An excellent technique to use is to turn activities into games and have many of the same effective qualities as games. Any good activity will have a purpose, a set of procedure, rules or guidelines and will often be followed by a debriefing session. But the competitive element is missing, along with some type of scoring that leads to winning and losing.
The first step is to find an appropriate activity that works well and it’s often best to choose an activity that will fit well in an already dry or highly theoretical parts of your training materials to spice-up this part and add more energy and vitality.
To make a good game, you don’t necessarily have to lengthen the activity or make it more complicated—just turned into a game. It helps to keep the definition of a training game in mind: A training game is a competitive activity played according to rules within a given context, where players meet a challenge in their attempt to accomplish a goal and win.
So you will need to:
1. add competition,
2. change guidelines into rules,
3. give a context and a time limit,
4. make it challenging,
5. be clear about what constitutes a win, and
6. be sure the behaviors being practiced are applicable to course content.
The activity you are changing into a game should already be focused on behaviors that are applicable to the course content. To add a competitive element, look for a way to add a scoring component to the activity and stress the time limits. This may simply be a matter of stating how much time they have to complete the activity and that the first person or group to finish will win a prize.

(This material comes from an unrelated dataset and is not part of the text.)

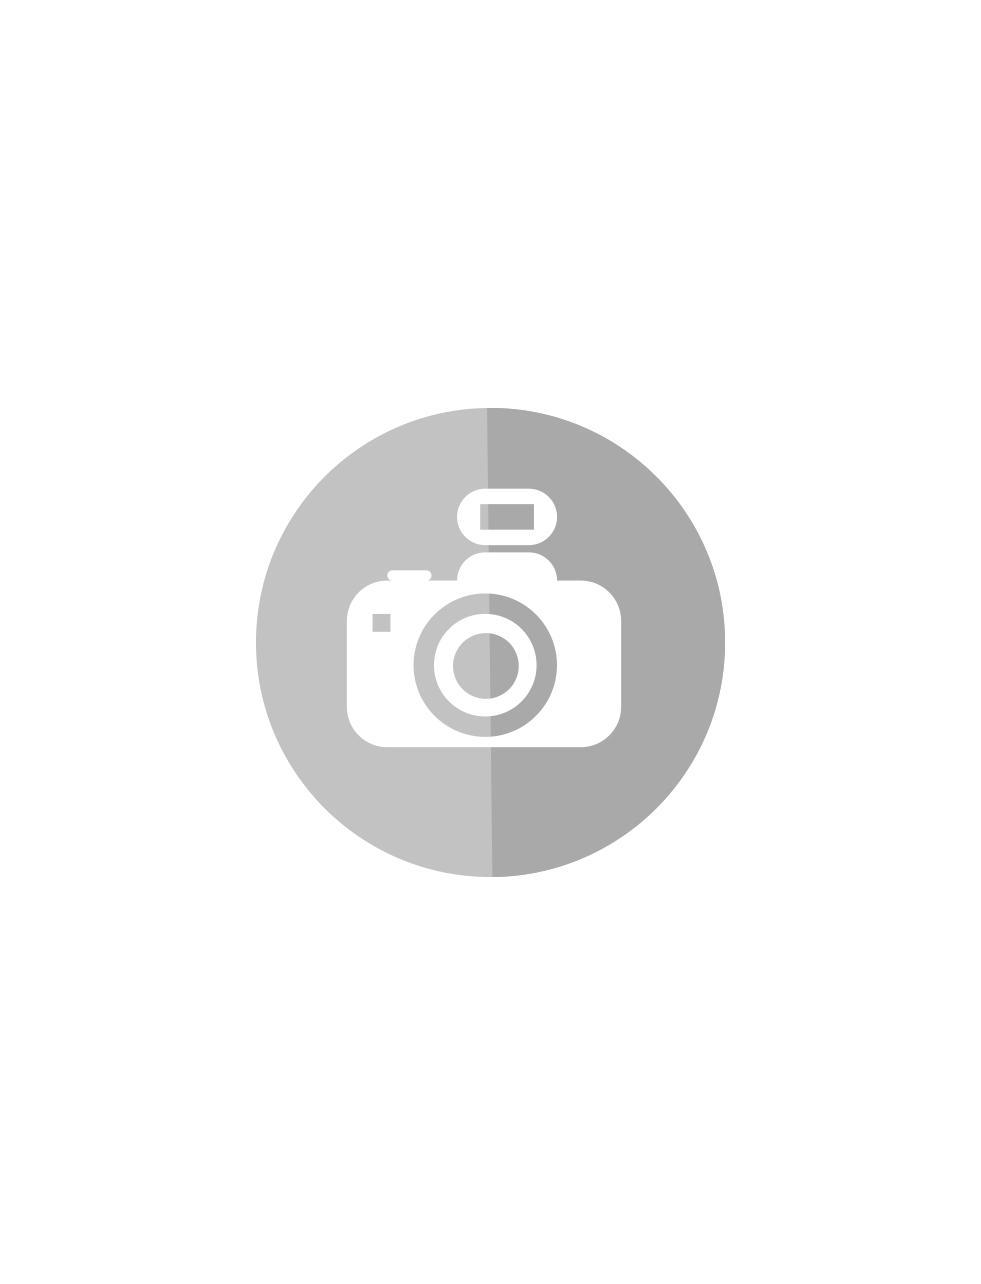 category_image_LIZENZ_ARTIKEL

If the activity is a long one and has a few steps involved, you can impose time limits for each step and award points for completing them on time. In fact, finding methods of awarding points can help change any activity into a competition. How do you do that? Well, let’s see.
You can award points for the following:
• for completing a task within a given time limit
• for being the first to complete the task
• for each criteria met
• for each right answer
For example: You can use any of the scoring methods above to turn a dry part about the attitudes, skills, and knowledge of a successful supervisor into a quick game by splitting your participants into teams, handing out index cards or post it notes to each team and announce a small prize for the winning team who will come up with the most characteristics of the “Perfect Supervisor” organized into three categories attitudes, skills and knowledge.
With relatively minor changes and a little extra fantasy and drama, a good training activity can become an exciting, engaging training game. Just because the subject matter is serious doesn’t make using a game inappropriate. In fact, the more important it is that the learners really learn the subject matter, the more effective it is to use a game to reinforce and solidify that learning.